3.1.8.-cont.  Import the reference data files from the Shared Data libraries following the steps below. 

3.1.9. Reference libraries are available in the history. 

3.1.10. Click the “WorkFlows” button in the left-hand menu -> select the "Public" workflows -> then type and search for “ViroTrakr”.  

 3.1.10.-cont.  Select the appropriate workflow (“Norovirus with reads as input” in this case), then click the arrowhead button to Run the workflow.

3.1.11.  Ensure to select all the appropriate files (arrows) from each dropdown menu and Run Workflow.

3.1.12.  The workflow status will be displayed step-by-step in real time. As each step completes, it will turn green in both the Steps and History panels. The run may take a few minutes or longer, depending on the data and system load. 

3.1.12.-cont.  Once the run is complete, the results will be available in the individual reports in the History. Users can view and download each output file, including the assembly, viral contigs, genotyping report and phylogenetic tree, etc. 

3.1.13.  An example of a genotyping report is shown below:

3.1.14.  An example of a phylogenetic analysis report is shown below:

The result files include: 

•Assembly with MEGAHIT: Metagenomic assembly generated using MEGAHIT.
•Report: Kraken2: Kraken2 classification reports.
•Report_blasthits_Genotype: Report of the best BLAST Hits against reference sequences.
•Genotyping_report: Final report contains QC statistics and genotyping results. 
•Virus contigs: Target virus specific contigs extracted from the metagenomics assembly.
•Reference_query_phylogenetic_tree: Phylogenetic tree showing the input genomes alongside reference genomes from all groups (available in.png and .txt formats).

Download raw data from SRA database.

Users can also download raw data from SRA if already submitted to ViroTrakr, or from other Bioprojects
in NCBI. Ensure to have the SRA accession numbers ready before starting the download. 

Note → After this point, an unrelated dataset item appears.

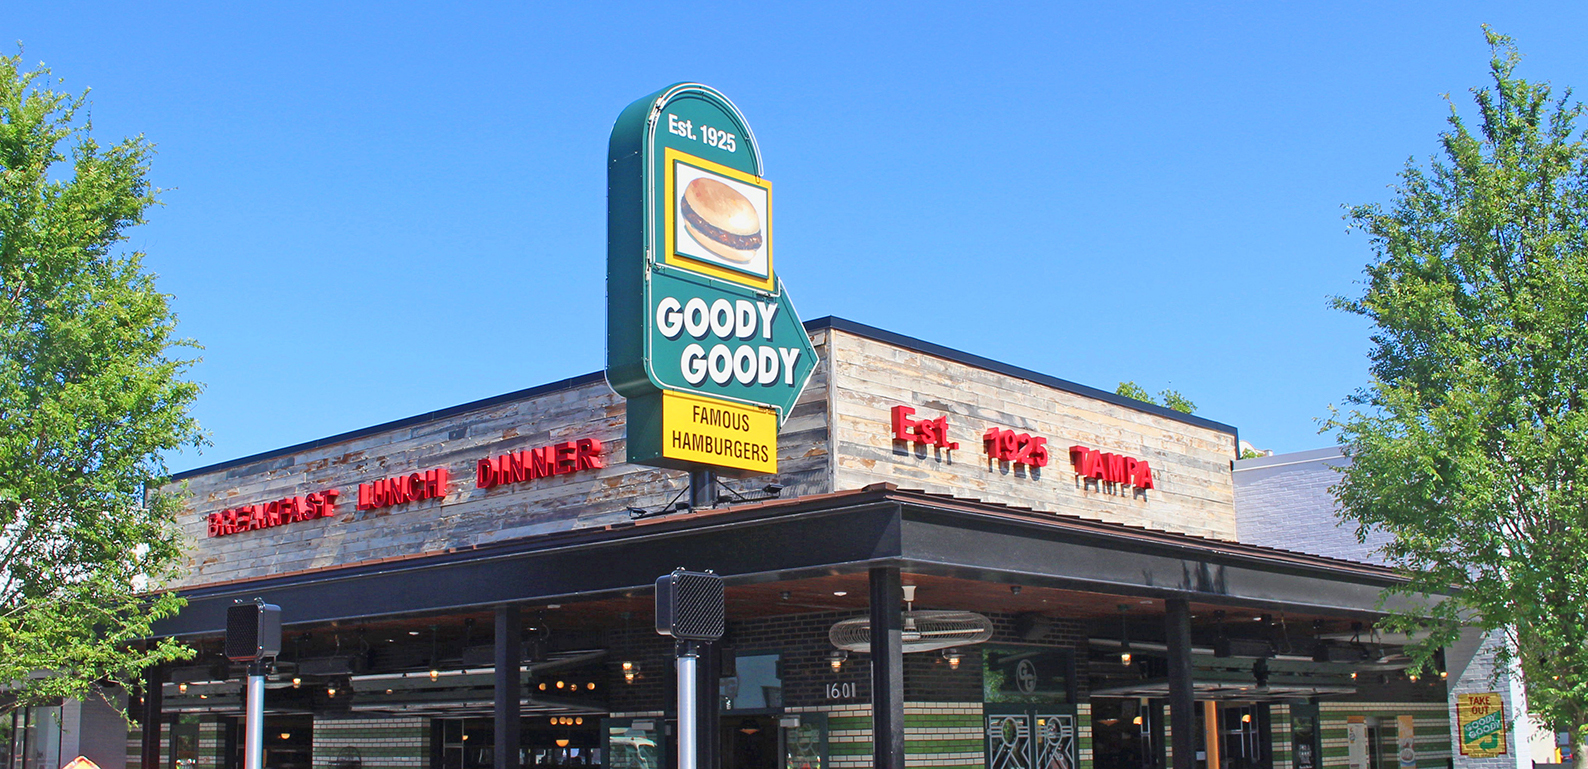 Outside of goody goody

3.2.1. Create a list of SRA accession numbers. 

* Note: the numbers must start with SRR, DRR or ERR in a text file, one per line. Save it in a local folder. 

3.2.2. (1) Click the “Upload” button in the left-hand menu, (2) select “Paste/Fetch data”, (3) enter the file name containing the SRA accession number list, (4) click “Choose local file” to select the file from your local folder, then (5) click the “Start” button to begin the upload. The file will be available and appear in the current History, indicated by the arrow below.

3.2.3. (1) Click the “Tool” button in the left-hand menu, (2) click “Get Data”, (3) choose "Faster Download and Extract Reads in FASTQ", (4) select "List of SRA accession" from the drop-down menu as the input type, (5) select the list file from the History panel, then (5) click the “Run Tool” button to start the process. 

3.2.4. The data files will be downloaded from the NCBI SRA database. Download time may vary depending on the number of files and the current NCBI server status.

3.2.5. Follow the steps outlined in 3.1.8. to 3.1.14 to run the workflow and collect the results.

Upload assembled sequences and execute the data analysis workflow.

Upload assembled sequences.
This ViroTrakr workflow supports both raw sequencing data and pre-assembled sequences. You can
upload raw data directly (Item 3), or use assembled sequences generated on other platforms and stored in your local folder.

Click on the button “Upload” in the left-hand menu.

4.1.-cont. Click “Choose local files”.

Click “Start” to upload. 

Check the status of data upload. 

Build a list of Dataset. 

Build a collection of datasets.

List of Datasets will be available in the history. 

Follow the steps outlined in 3.1.8. to 3.1.14 to run the workflow and collect the results.